Communication in relationships is a difficult hurdle to take on, but it is the fuel that makes a relationship thrive. Researchers John and Julie Gottman at the Gottman Institute in Seattle have amazing research that tells us all about love and communication. John Gottman’s research shows that there are four deadly communication habits that if done often will predict the end of the relationship; he calls these the “4 Horsemen of the Apocalypse.”

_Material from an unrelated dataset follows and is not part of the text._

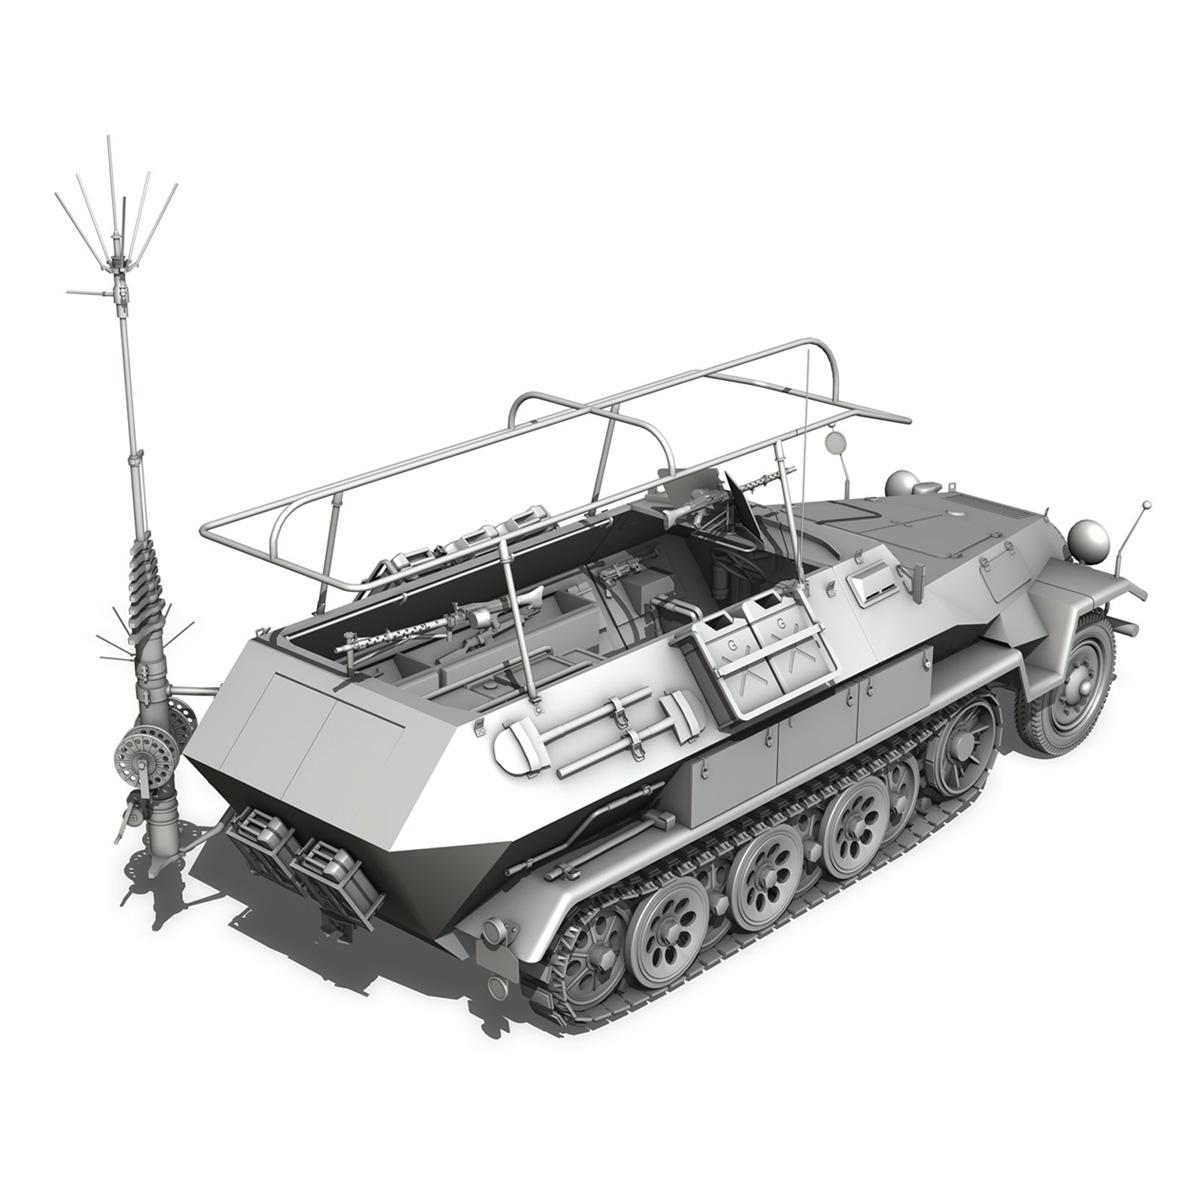 sdkfz 251 ausf.b – communications vehicle 3d model 3ds fbx c4d lwo obj 251696

Here are 4 poor communication habits to avoid in order to strengthen your marriage:
When you criticize your husband, you are telling him he got it wrong. It is an attack on either his actions and/or his character. Over time consistent criticism will chip away at your spouse causing him to not feel respected or loved. {Tweet This} This habit will cause him to build emotional walls, disconnect from you, and create a foundation for unfair fighting. When you send a message using criticism, it is less likely to be heard correctly. Gottman suggests the antidote to this habit is to use a “gentle start up.” This means you should express how you feel, the situation that triggered it, and what you need. Avoid using the word ‘you’ which can feel attacking. If you are noticing walls in your marriage, here are ways to break them down.
It’s hard to not get defensive when you feel attacked. This habit is a way to deflect the attack in a way that makes you feel less shame and more protected. When I’ve worked with defensive couples, I see their fights spin off into different topics that take the conflict to a new level. Instead of getting defensive, Gottman says it is important to take responsibility for what you need to; don’t blame shift what happened onto someone else.
This is when a person is checking out of the conversation. Either they actually leave or they give every sign that they have stopped listening and are not engaged. This tends to happen when someone is overly stressed in the conversation and starts to shut down. The antidote for stonewalling is for this person to take a short break in order to calm down. Once they are in a better state of mind, it is important to re-engage in the conversation in a healthy way.
When you feel contempt for someone, you are looking down on them. You see yourself as better than and you scrutinize every mistake your spouse makes. Whether it is verbally or non-verbally expressed, Gottman says this is the worst of all the horsemen and is the highest predictor of divorce. Instead of contempt, Gottman’s antidote is to create a culture of appreciation and to share your needs and desires using ‘I’ statements. For example, “I’m feeling lonely when you’re working late. I need us to have some quality time together.”